The dataset I use is intended to be uncleaned so that I can show you the process of data cleaning. This is just a small dataset, so it will be easy for us to do data cleaning. :)

#### Import Libraries

In [44]:
import pandas as pd
import numpy as np

In [45]:
# Import dataset

df = pd.read_excel(r'/Users/darllabulagner/Downloads/uncleaned bike sales data.xlsx')
df

Unnamed: 0,Sales_Order #,Date,Day,Month,Year,Customer_Age,Age_Group,Customer_Gender,Country,State,Product_Category,Sub_Category,Product_Description,Order_Quantity,Unit_Cost,Unit_Price,Profit,Cost,Revenue
0,261695,2021-12-01,1.0,December,2021,39,Adults (35-64),F,United States,California,Bikes,Mountain Bikes,"Mountain-200 Black, 46",4.0,1252,2295,4172,5008,9180
1,261695,2021-12-01,1.0,December,2021,44,Adults (35-64),M,United Kingdom,England,Bikes,Mountain Bikes,"Mountain-200 Silver, 42",1.0,1266,2320,1054,1266,2320
2,261697,2021-12-02,2.0,December,2021,37,Adults (35-64),M,United States,California,Bikes,Mountain Bikes,"Mountain-400-W Silver, 46",2.0,420,769,698,840,1538
3,261698,2021-12-02,2.0,December,2021,31,Young Adults (25-34),F,Australia,New South Wales,Bikes,Mountain Bikes,"Mountain-400-W Silver, 42",1.0,420,769,349,420,769
4,261699,2021-12-03,3.0,December,2021,37,Adults (35-64),F,United States,California,Bikes,Mountain Bikes,"Mountain-200 Black, 46",2.0,0,2295,2086,0,4590
5,261700,2021-12-03,3.0,December,2021,24,Youth (<25),F,United Kingdom,England,Bikes,Mountain Bikes,"Mountain-200 Black, 38",1.0,1252,2295,1043,1252,2295
6,261701,2021-12-03,3.0,December,2021,37,Adults (35-64),M,United States,Washington,Bikes,Mountain Bikes,"Mountain-200 Black, 46",1.0,1252,2295,1043,1252,2295
7,261701,2021-12-03,3.0,December,2021,37,Adults (35-64),M,United States,Washington,Bikes,Mountain Bikes,"Mountain-200 Black, 46",1.0,1252,2295,1043,1252,2295
8,261702,2021-12-04,4.0,December,2021,31,Young Adults (25-34),F,Australia,New South Wales,Bikes,Mountain Bikes,"Mountain-400-W Silver, 42",4.0,420,0,1396,1680,0
9,261703,2021-12-05,5.0,December,2021,39,Adults (35-64),F,United States,California,Bikes,Mountain Bikes,"Mountain-200 Black, 46",4.0,1252,2295,4172,5008,9180


We all have different ways, strategies on how to really clean the data. Let's take some minutes to analyze the data. In which columns we want to have replace, rename, remove or what. 

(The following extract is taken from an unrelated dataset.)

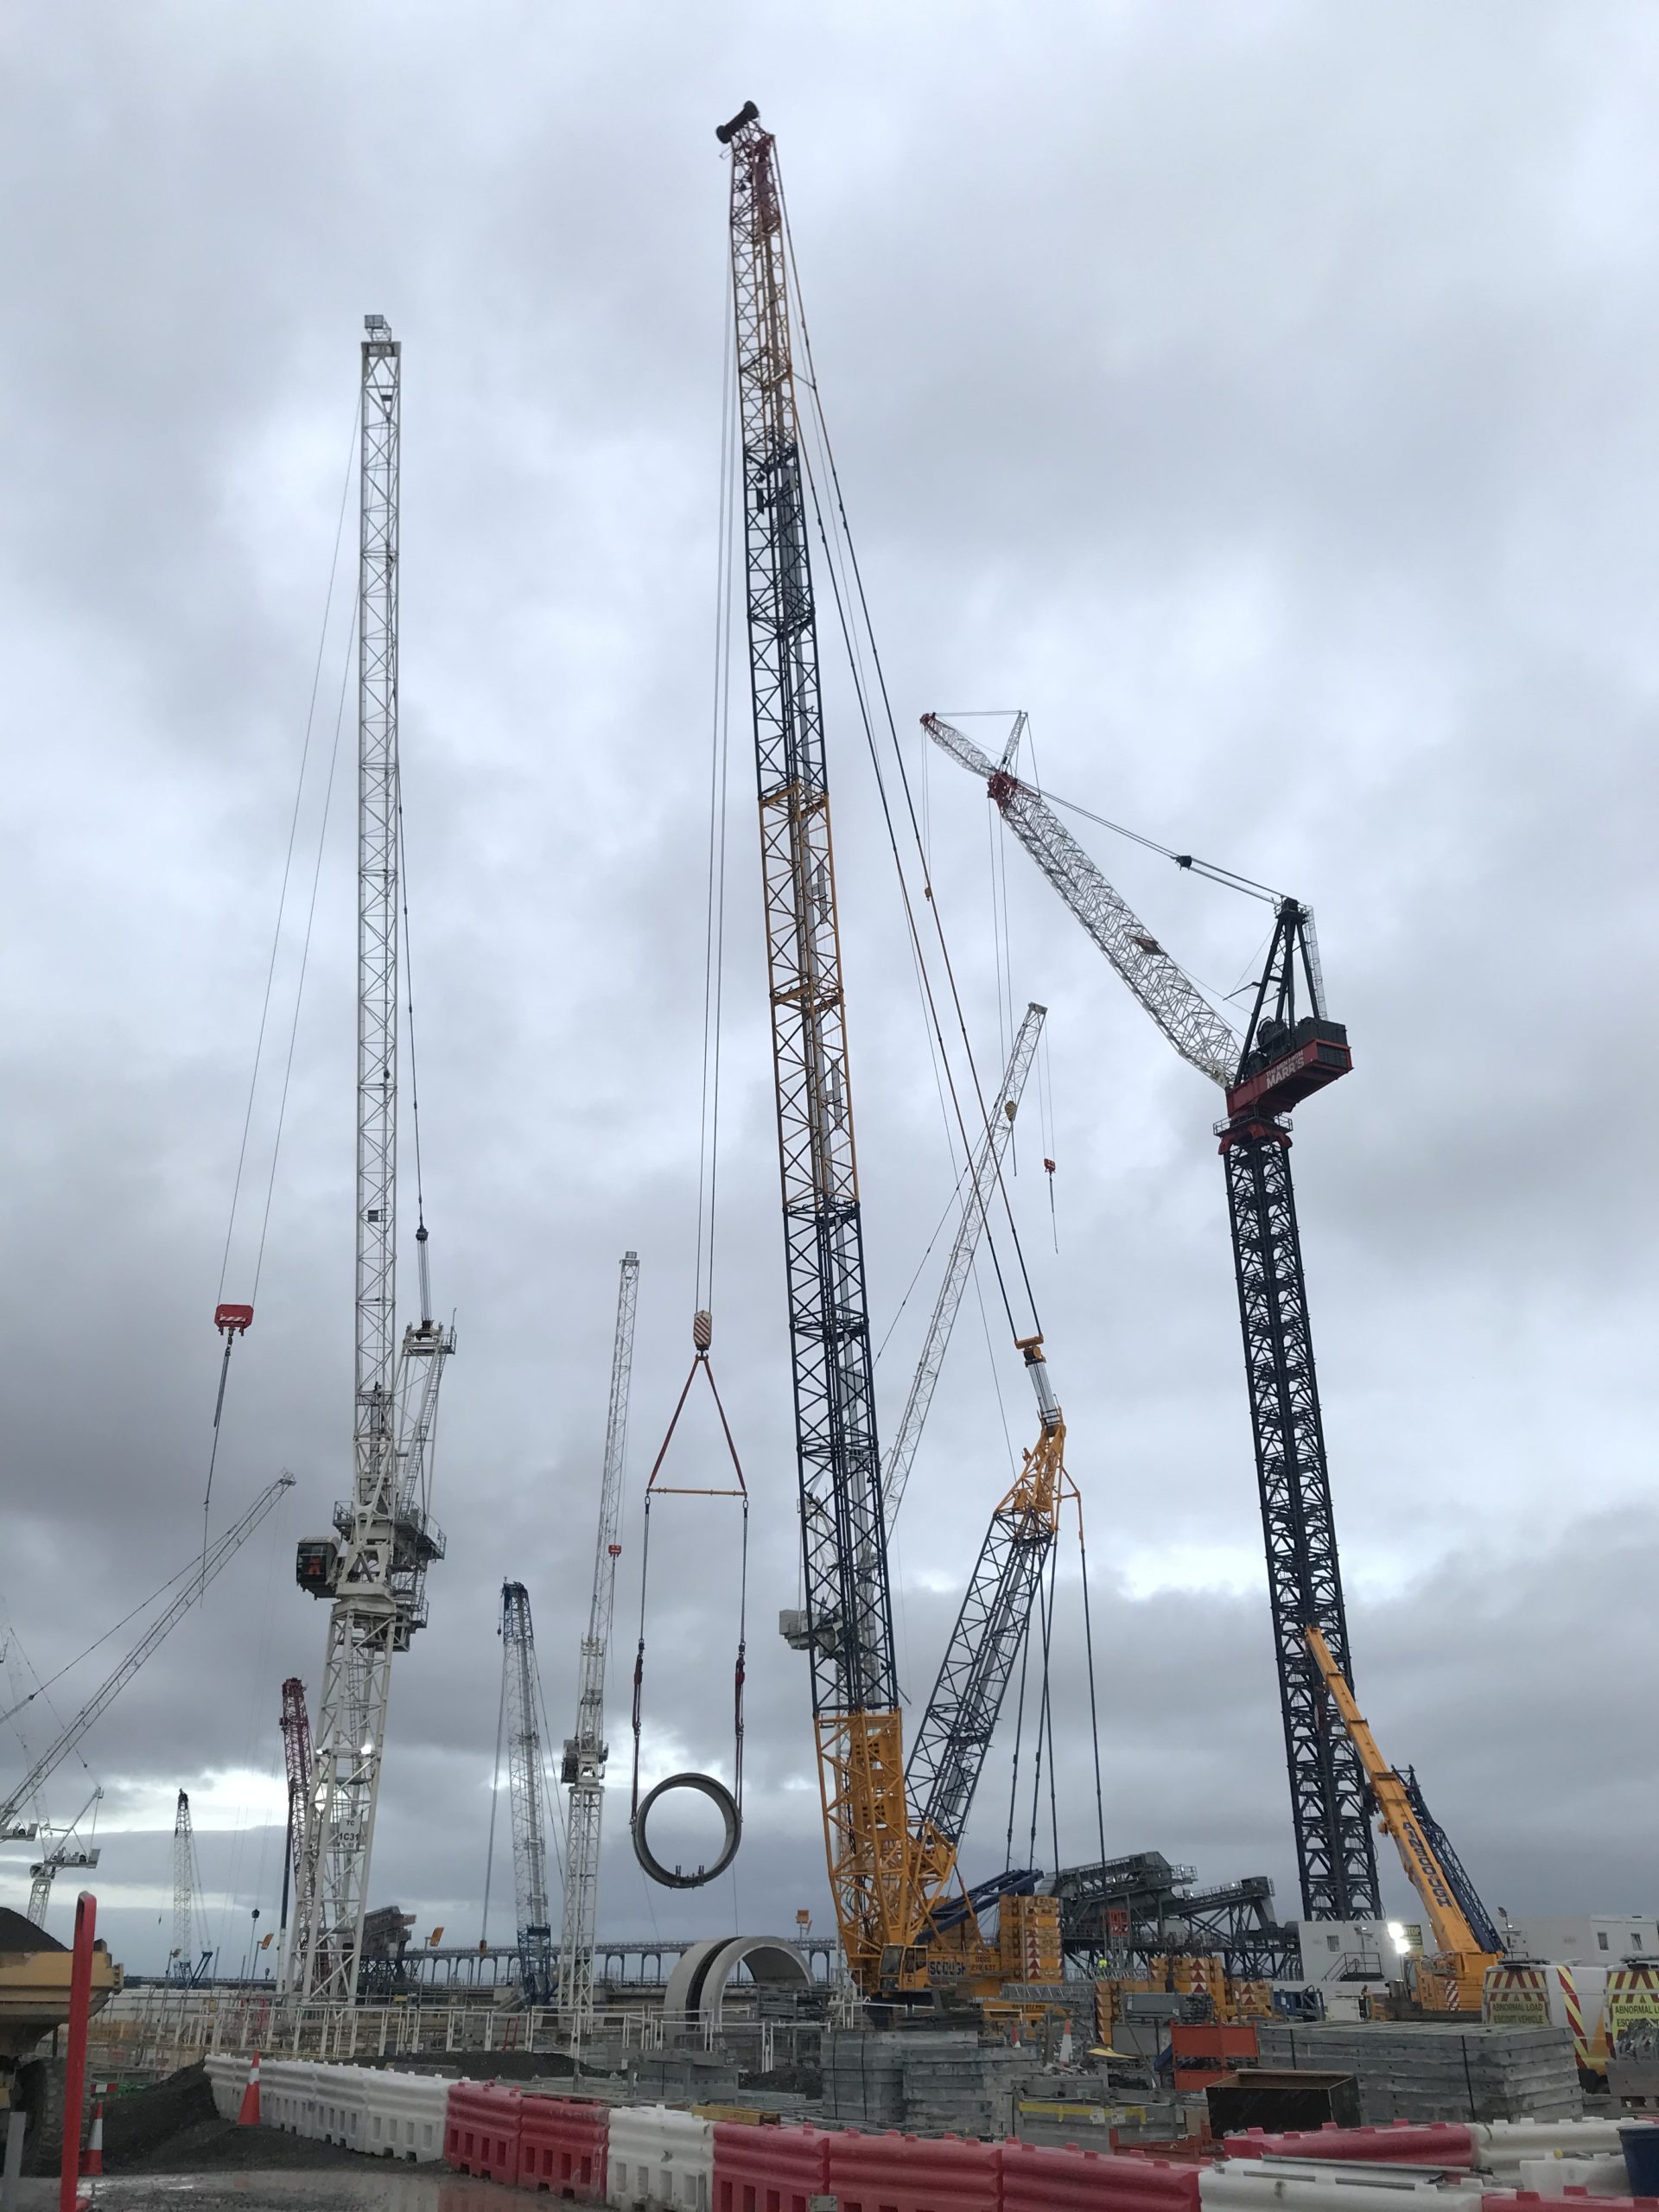 Ainscough Crane Hire installs pipes for nuclear reactor at Hinkley Point C

As a newbie like me, What I have learned is that you should take down notes on which columns or rows need to clean. So you won't be able to miss.

In [46]:
# I'd like to see all rows in my dataset. So I will load everything.
# To do this.

pd.set_option('display.max.rows', 90)

We have notice 4 things that we need to focused on:

- Duplicate values in 'Sales_Order #' column.
- Redundancy in column such as 'Day', 'Month', and 'Year'
- 'NaN' and 'Nan' values
- Float/Decimal value in 'Order_Quantity' column.

In [47]:
# Drop duplicate rows in the column 'Sales_Order #'

df.drop_duplicates(inplace=True)

In [48]:
# You may have notice that there's still duplicate values in rows. 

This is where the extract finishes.